■ **Action item**: Give again, word for word, only the lines of the material below from its first line through the one that holds "Gabu, Guinea-Bissau - 13"; pictures stay out.

■ **Records for processing**:
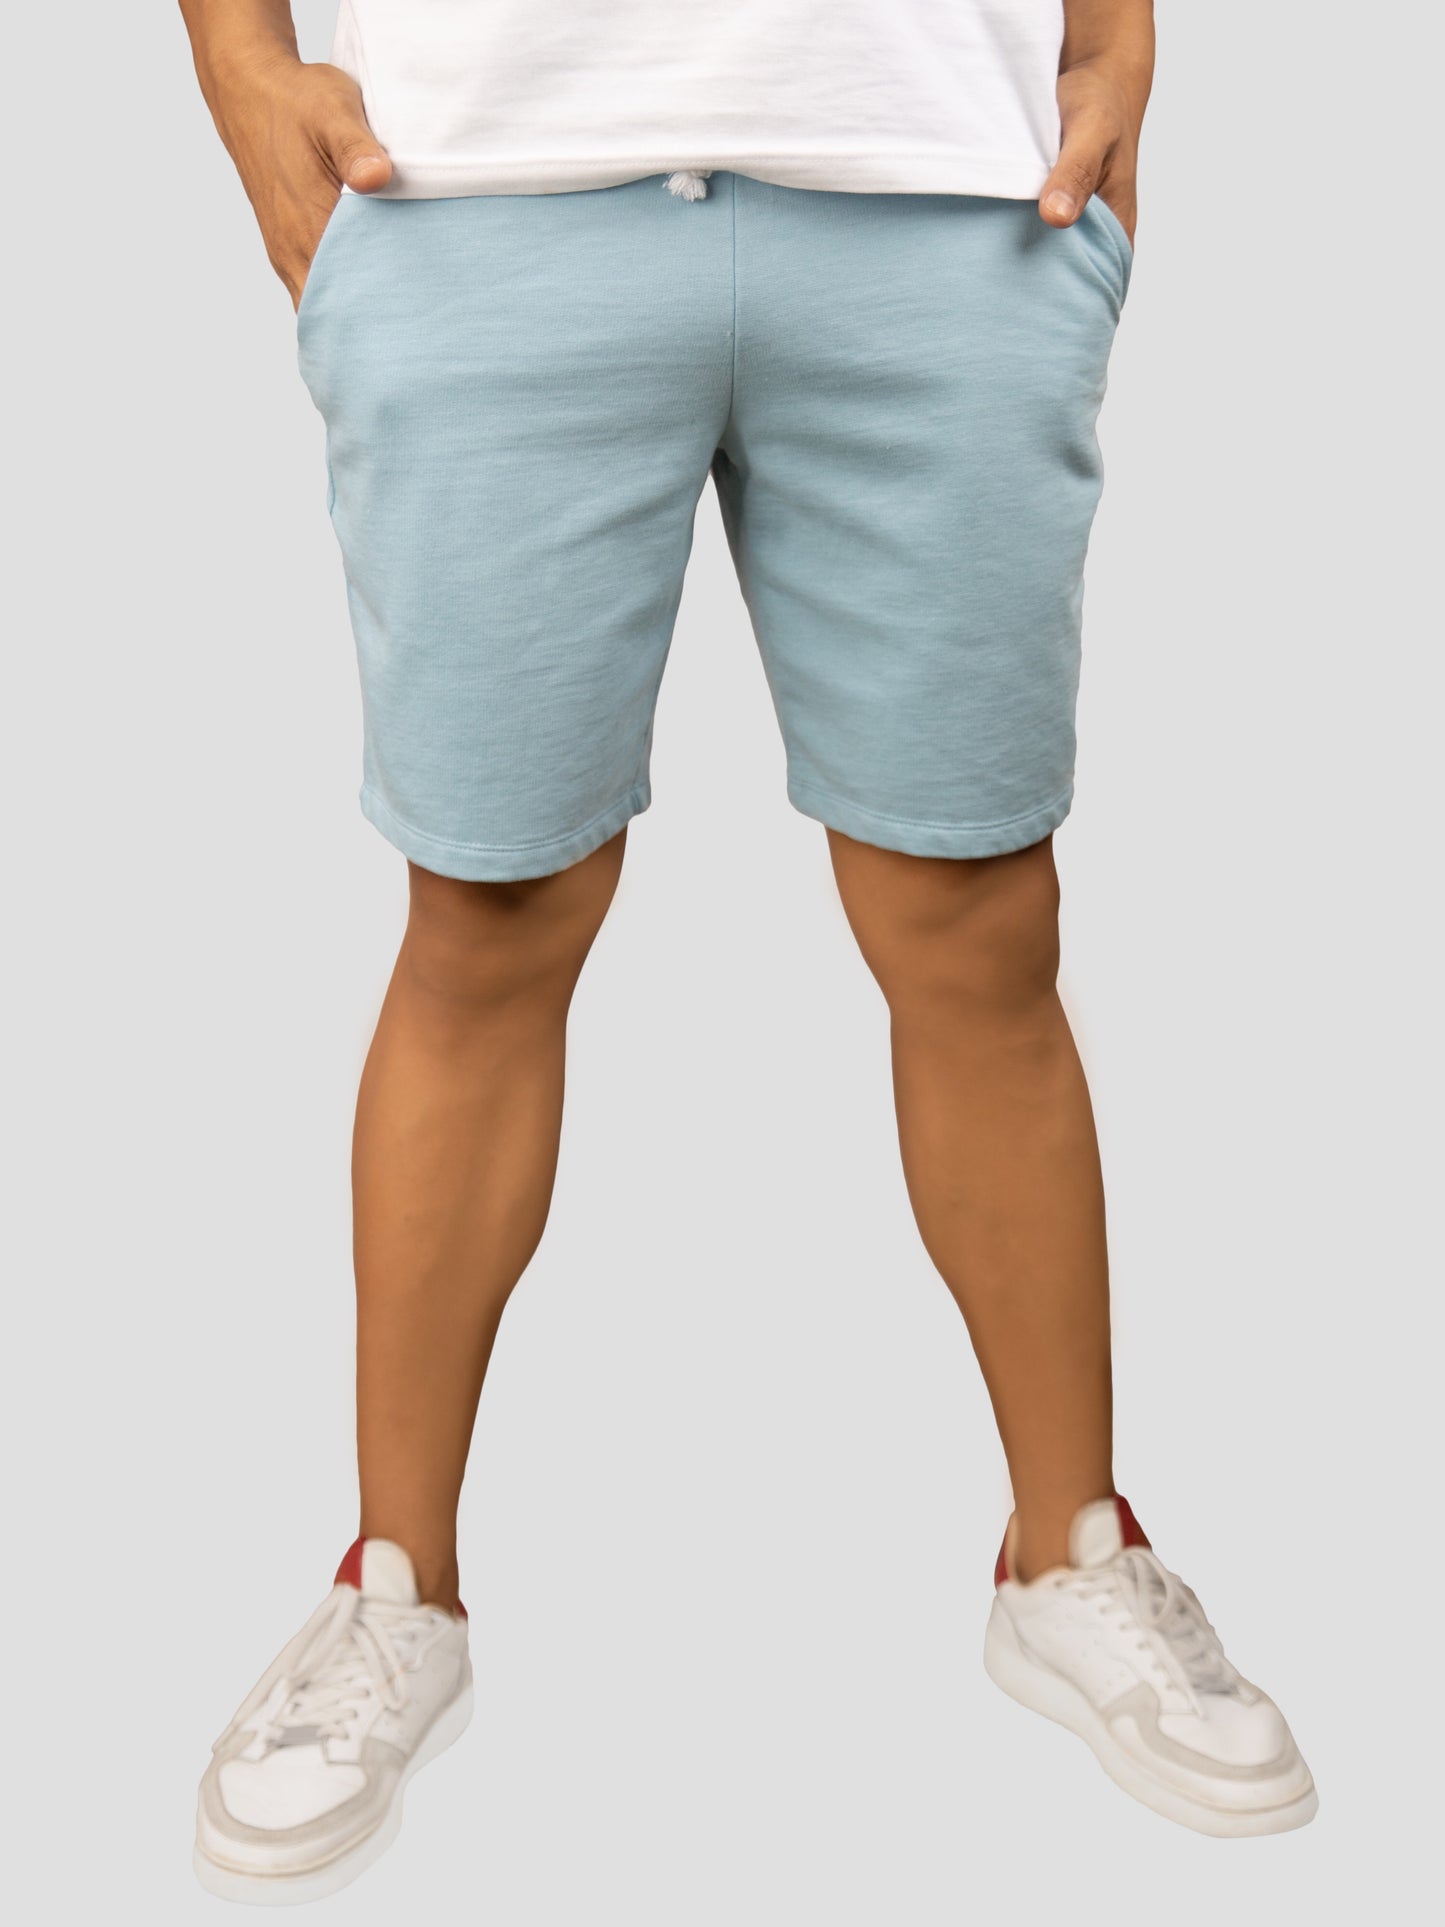 Blue casual cotton fleece shorts for men
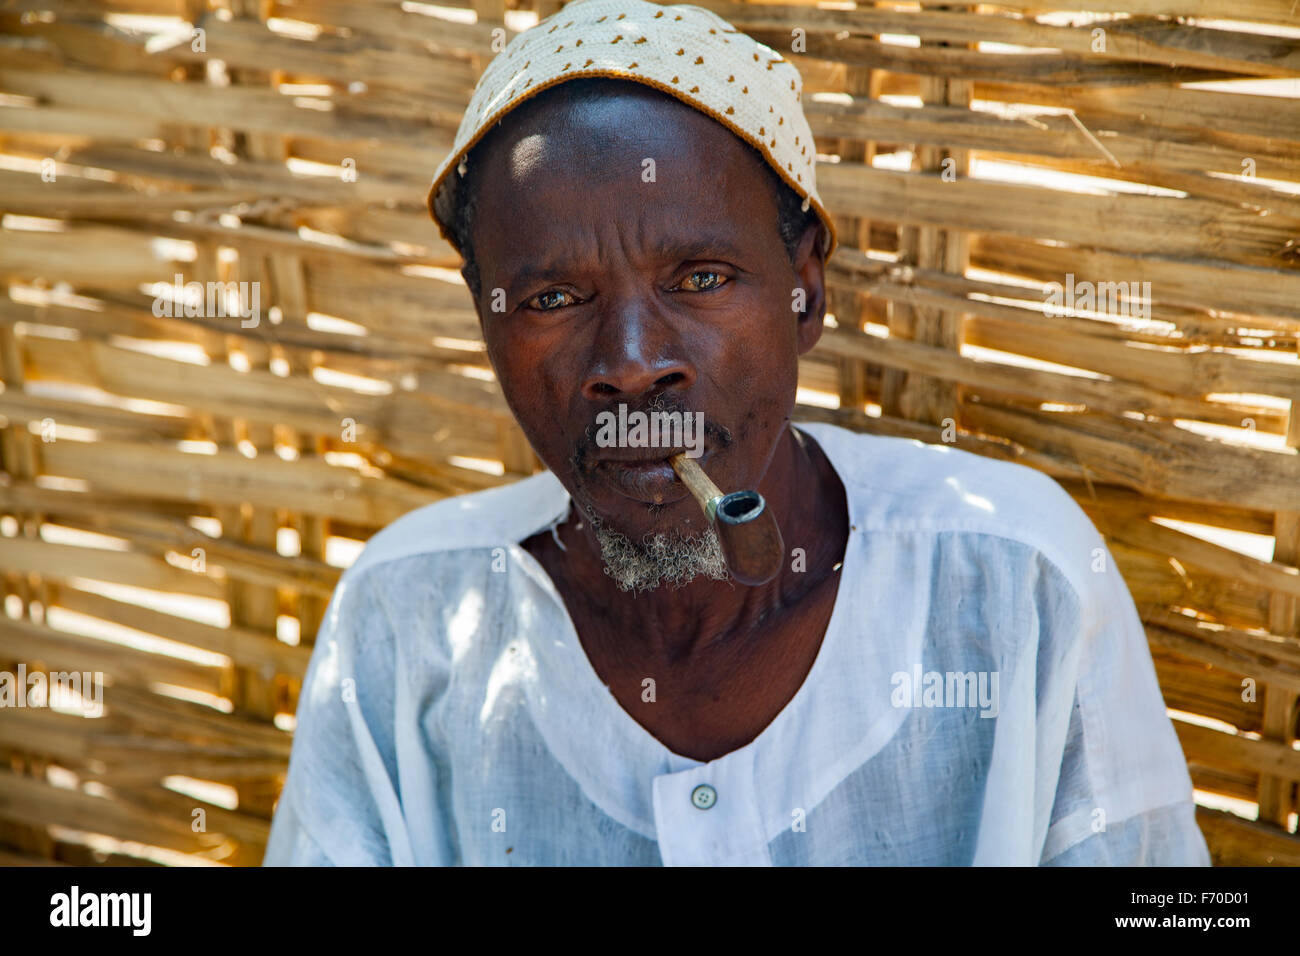 Gabu, Guinea-Bissau - 13 aprile 2014: Ritratto di un capo di villaggio africano che guida una riunione del consiglio nella Guinea-Bissau rurale Foto Stock
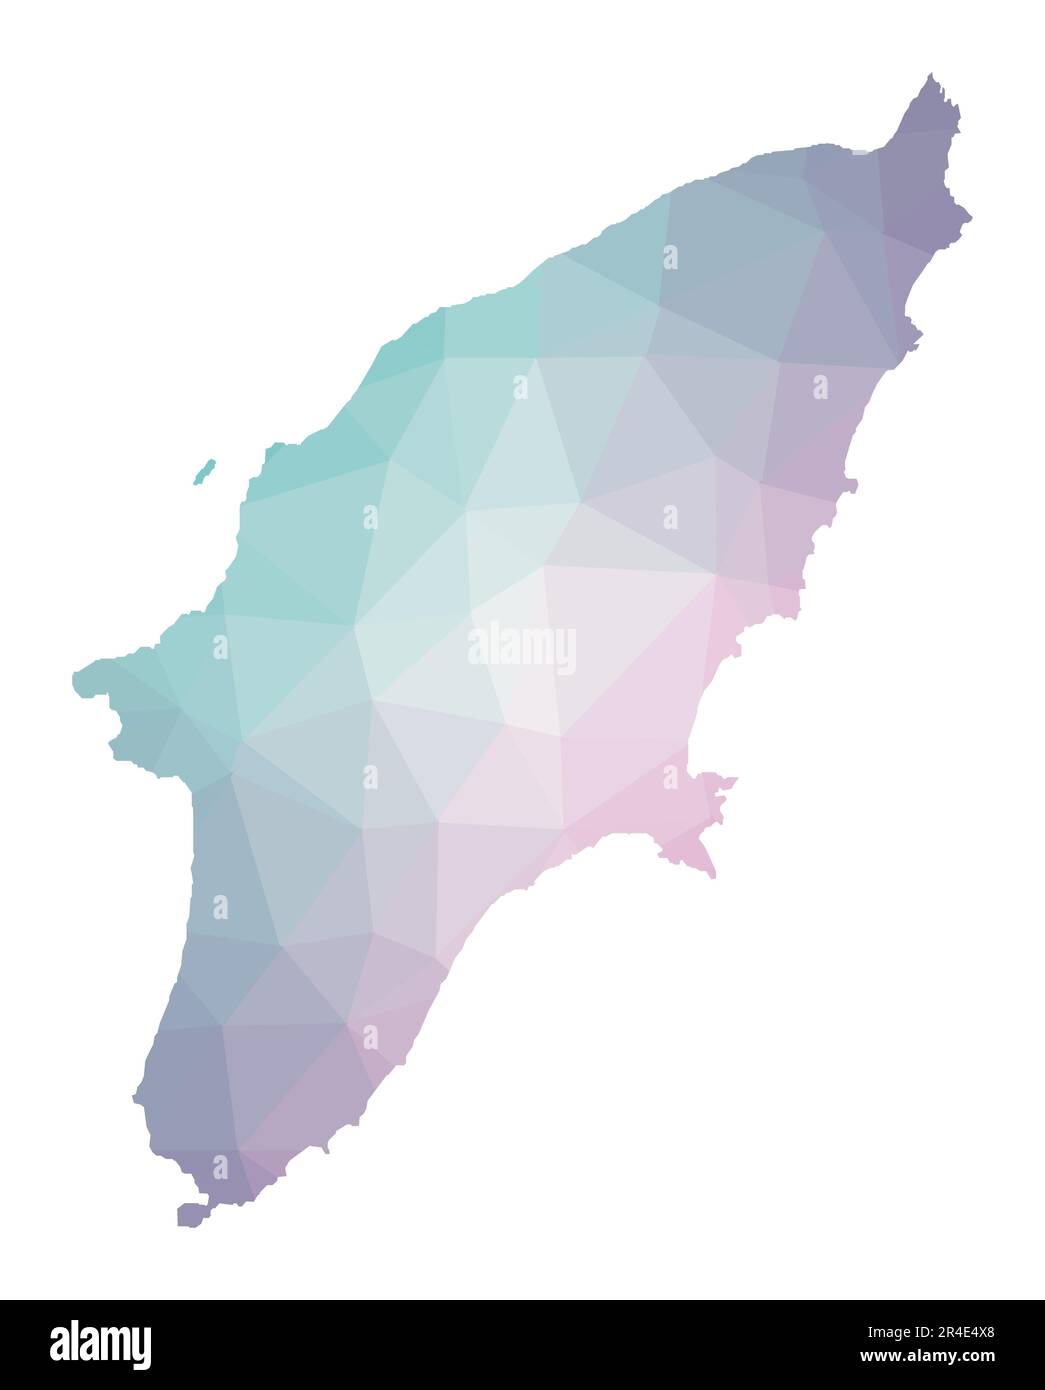 Mappa poligonale di Rodi. Illustrazione geometrica dell'isola in colori di ametista smeraldo. Mappa di Rodi in basso stile poly. Tecnologia, internet, rete Illustrazione Vettoriale
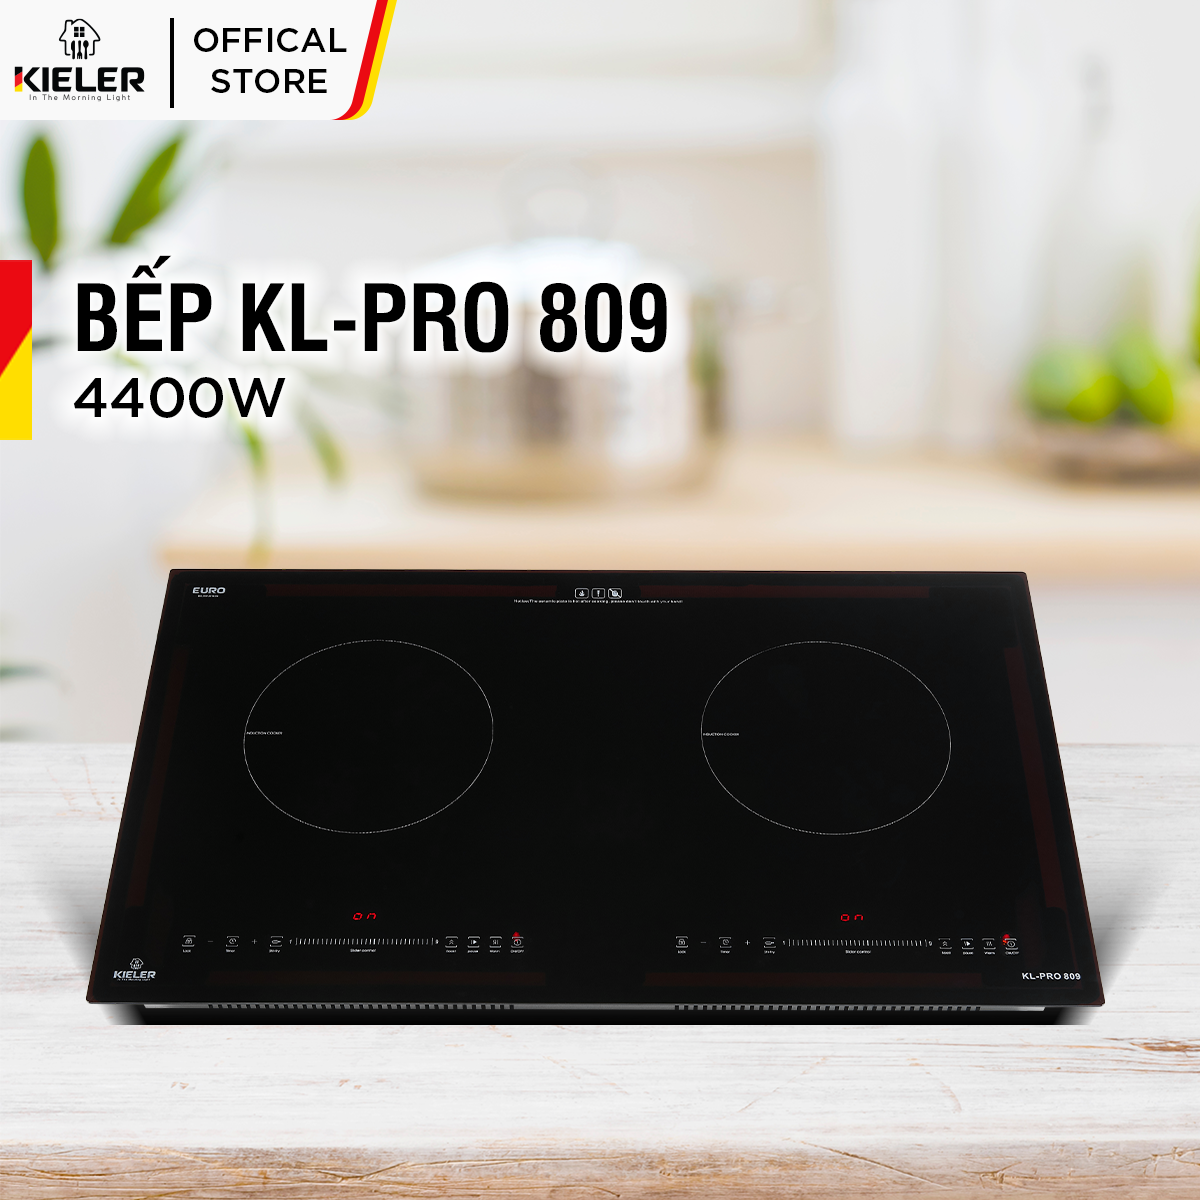 Bếp điện từ đôi Kieler KL-PRO809 mặt kính Euro Kieler Platinum, Bếp điện từ có chế độ cảm ứng chống tràn 4400W - Hàng Chính Hãng
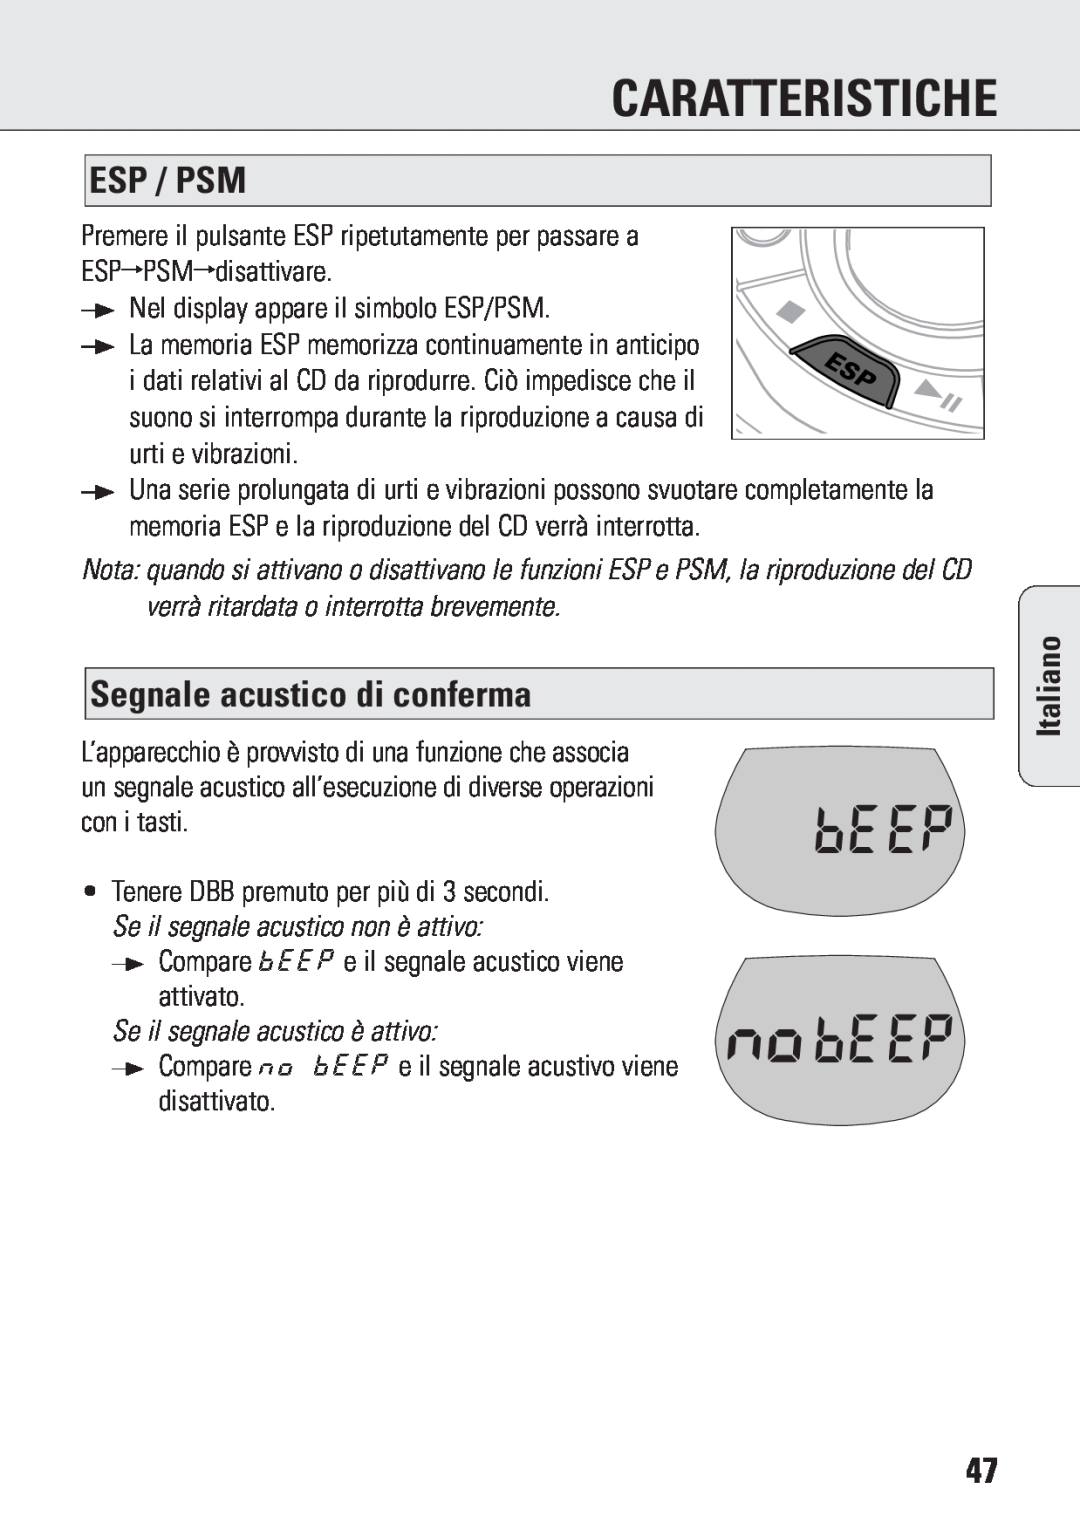 Philips ACT 7583 manual Segnale acustico di conferma, Se il segnale acustico è attivo, Caratteristiche, Esp / Psm, Italiano

■ **Solution to this task**:
 Blue casual cotton fleece shorts for men
 Gabu, Guinea-Bissau - 13 aprile 2014: Ritratto di un capo di villaggio africano che guida una riunione del consiglio nella Guinea-Bissau rurale Foto Stock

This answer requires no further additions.